We Are Better Than This fundamentally reframes budget debates in the United States. Author Edward D. Kleinbard explains how the public’s preoccupation with tax policy alone has
obscured any understanding of government’s ability to complement the private sector through investment and insurance programs that enhance the general welfare and prosperity of our society at
large.
He argues that when we choose how government should spend and tax, we open a window into our "fiscal soul," because those choices are the means by which we express the values we cherish and the
regard in which we hold our fellow citizens. Though these values are being diminished by short-sighted decisions to starve government, strategic government spending can directly make citizens
happier, healthier, and even wealthier.
Expertly combining the latest economic research with his insider knowledge of the budget process into a simple yet compelling narrative, he unmasks the tax mythologies and false arguments that
too often dominate contemporary discourse about budget policies. Large quantities of comparative data are succinctly distilled to situate the United States among its peer countries, so that
readers can judge for themselves whether contemporary budget choices really reflect our aspirational fiscal soul.

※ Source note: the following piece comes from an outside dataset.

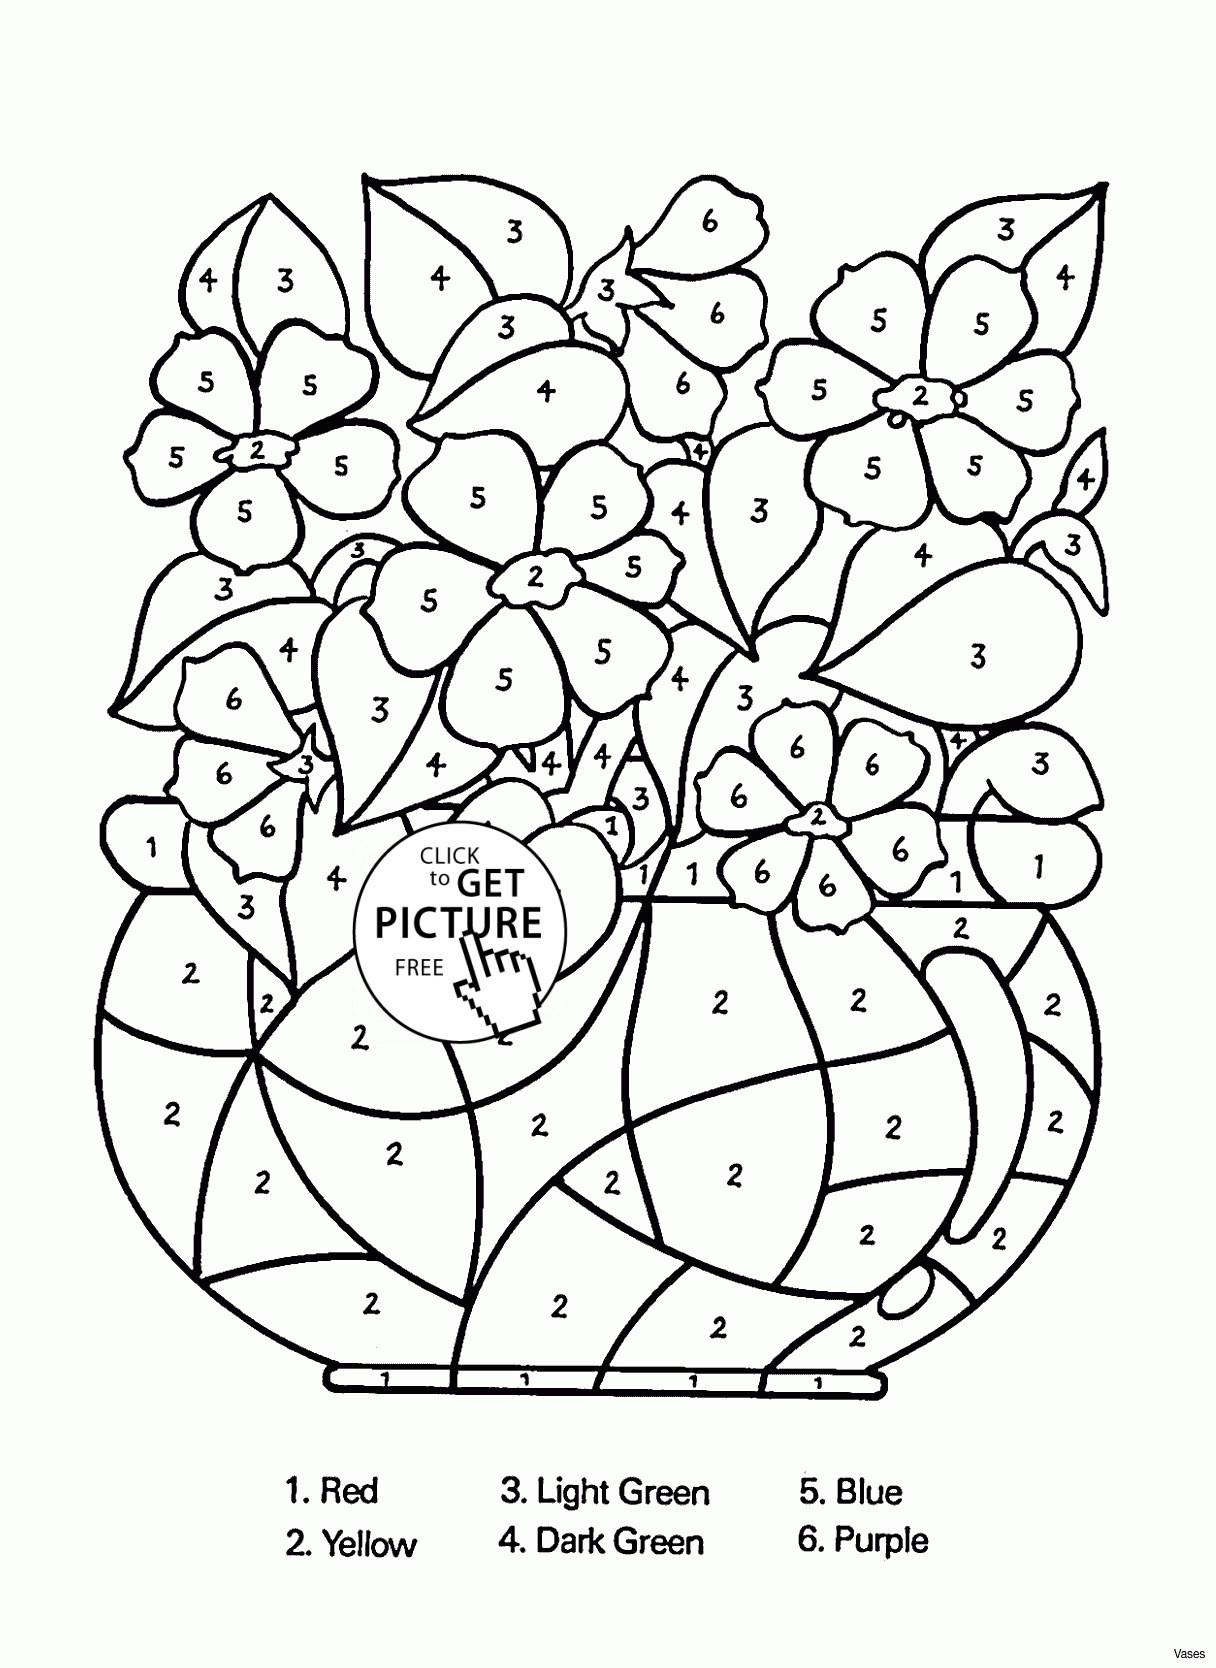 picture frame flower vase of awesome 43 unique color a picture coloring sheets for kids intended for awesome 43 unique color a picture

Kleinbard’s presentation takes a multi-disciplinary approach, drawing on economics, finance, law, political science and moral philosophy. He uniquely weaves economic research and moral
philosophy together by emphasizing our welfare, not just our national income, and by contrasting the actual beliefs of Adam Smith, a great moral philosopher, with the cartoon version of the man
presented by proponents of the most extreme forms of private market triumphalism.